::: GIVEN INFORMATION :::

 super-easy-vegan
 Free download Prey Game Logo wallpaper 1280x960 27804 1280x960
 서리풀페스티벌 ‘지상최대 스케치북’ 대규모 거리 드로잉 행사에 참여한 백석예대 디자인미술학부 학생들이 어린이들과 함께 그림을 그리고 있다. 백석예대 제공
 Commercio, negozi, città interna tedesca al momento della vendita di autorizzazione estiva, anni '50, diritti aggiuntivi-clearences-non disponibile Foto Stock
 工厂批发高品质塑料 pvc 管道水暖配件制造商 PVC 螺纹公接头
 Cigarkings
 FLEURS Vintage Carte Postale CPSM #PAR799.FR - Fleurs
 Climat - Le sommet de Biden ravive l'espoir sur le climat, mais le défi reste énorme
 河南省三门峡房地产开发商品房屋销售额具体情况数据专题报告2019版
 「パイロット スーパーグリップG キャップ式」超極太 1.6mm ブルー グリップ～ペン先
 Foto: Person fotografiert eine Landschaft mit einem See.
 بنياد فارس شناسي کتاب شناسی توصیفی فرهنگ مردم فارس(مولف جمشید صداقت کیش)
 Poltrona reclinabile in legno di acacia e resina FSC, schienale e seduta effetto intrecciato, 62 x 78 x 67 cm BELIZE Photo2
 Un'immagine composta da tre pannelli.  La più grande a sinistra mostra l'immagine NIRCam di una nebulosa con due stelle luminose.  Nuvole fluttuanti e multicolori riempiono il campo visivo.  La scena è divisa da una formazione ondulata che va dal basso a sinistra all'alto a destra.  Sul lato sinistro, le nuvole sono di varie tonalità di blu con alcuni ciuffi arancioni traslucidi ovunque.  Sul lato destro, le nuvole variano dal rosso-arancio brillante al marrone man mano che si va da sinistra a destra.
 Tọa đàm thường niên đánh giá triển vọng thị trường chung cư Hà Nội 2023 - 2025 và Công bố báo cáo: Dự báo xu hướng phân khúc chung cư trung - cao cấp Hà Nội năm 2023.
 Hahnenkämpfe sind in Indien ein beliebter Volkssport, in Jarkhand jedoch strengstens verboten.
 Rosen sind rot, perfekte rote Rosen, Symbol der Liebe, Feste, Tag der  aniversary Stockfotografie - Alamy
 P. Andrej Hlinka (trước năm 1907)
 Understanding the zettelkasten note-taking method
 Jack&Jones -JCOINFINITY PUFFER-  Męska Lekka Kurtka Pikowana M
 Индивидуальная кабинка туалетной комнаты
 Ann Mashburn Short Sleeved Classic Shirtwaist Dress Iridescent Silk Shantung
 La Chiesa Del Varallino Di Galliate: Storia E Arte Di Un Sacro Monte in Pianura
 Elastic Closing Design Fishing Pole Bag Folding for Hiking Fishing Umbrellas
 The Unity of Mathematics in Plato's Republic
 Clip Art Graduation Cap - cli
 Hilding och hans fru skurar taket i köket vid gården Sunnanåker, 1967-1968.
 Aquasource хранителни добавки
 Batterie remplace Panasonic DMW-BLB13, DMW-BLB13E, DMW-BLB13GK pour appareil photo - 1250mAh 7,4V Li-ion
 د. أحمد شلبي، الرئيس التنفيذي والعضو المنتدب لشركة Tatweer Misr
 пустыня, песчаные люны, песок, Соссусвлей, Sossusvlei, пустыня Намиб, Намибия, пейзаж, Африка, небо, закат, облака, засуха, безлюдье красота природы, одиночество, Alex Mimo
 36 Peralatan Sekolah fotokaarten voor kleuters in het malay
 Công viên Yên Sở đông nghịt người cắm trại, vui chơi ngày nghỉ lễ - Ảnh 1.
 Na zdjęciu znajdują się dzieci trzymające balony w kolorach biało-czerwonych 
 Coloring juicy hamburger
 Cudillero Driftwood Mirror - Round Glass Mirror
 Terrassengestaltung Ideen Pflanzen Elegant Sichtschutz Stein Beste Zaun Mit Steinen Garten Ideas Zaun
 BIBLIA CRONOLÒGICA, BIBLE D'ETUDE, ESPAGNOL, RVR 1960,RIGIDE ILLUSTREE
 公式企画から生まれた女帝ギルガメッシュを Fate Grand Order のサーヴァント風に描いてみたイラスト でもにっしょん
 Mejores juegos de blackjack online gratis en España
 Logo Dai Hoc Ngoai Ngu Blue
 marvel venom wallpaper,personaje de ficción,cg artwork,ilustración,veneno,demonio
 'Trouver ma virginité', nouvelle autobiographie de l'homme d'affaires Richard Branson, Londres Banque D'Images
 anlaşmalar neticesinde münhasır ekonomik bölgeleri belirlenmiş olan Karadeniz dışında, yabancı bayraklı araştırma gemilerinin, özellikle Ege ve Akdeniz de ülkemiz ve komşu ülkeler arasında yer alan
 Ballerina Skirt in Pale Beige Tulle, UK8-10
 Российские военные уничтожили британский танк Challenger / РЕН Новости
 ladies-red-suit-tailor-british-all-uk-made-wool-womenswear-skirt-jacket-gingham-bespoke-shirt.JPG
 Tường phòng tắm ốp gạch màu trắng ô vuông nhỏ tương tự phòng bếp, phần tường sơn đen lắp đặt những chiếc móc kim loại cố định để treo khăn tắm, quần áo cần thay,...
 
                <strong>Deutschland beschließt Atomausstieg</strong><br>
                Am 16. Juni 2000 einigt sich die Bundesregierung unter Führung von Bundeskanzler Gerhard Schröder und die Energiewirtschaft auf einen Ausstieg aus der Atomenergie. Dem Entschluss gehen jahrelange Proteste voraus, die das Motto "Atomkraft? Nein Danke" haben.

:::

TASK REQUIREMENTS ::
Reproduce verbatim the lines above, from the line with "河南省三门峡房地产开发商品房屋销售额具体情况数据专题报告2019版" through the line with "Tọa đàm thường".

REPLY TO THE EXERCISE ::
 河南省三门峡房地产开发商品房屋销售额具体情况数据专题报告2019版
 「パイロット スーパーグリップG キャップ式」超極太 1.6mm ブルー グリップ～ペン先
 Foto: Person fotografiert eine Landschaft mit einem See.
 بنياد فارس شناسي کتاب شناسی توصیفی فرهنگ مردم فارس(مولف جمشید صداقت کیش)
 Poltrona reclinabile in legno di acacia e resina FSC, schienale e seduta effetto intrecciato, 62 x 78 x 67 cm BELIZE Photo2
 Un'immagine composta da tre pannelli.  La più grande a sinistra mostra l'immagine NIRCam di una nebulosa con due stelle luminose.  Nuvole fluttuanti e multicolori riempiono il campo visivo.  La scena è divisa da una formazione ondulata che va dal basso a sinistra all'alto a destra.  Sul lato sinistro, le nuvole sono di varie tonalità di blu con alcuni ciuffi arancioni traslucidi ovunque.  Sul lato destro, le nuvole variano dal rosso-arancio brillante al marrone man mano che si va da sinistra a destra.
 Tọa đàm thường niên đánh giá triển vọng thị trường chung cư Hà Nội 2023 - 2025 và Công bố báo cáo: Dự báo xu hướng phân khúc chung cư trung - cao cấp Hà Nội năm 2023.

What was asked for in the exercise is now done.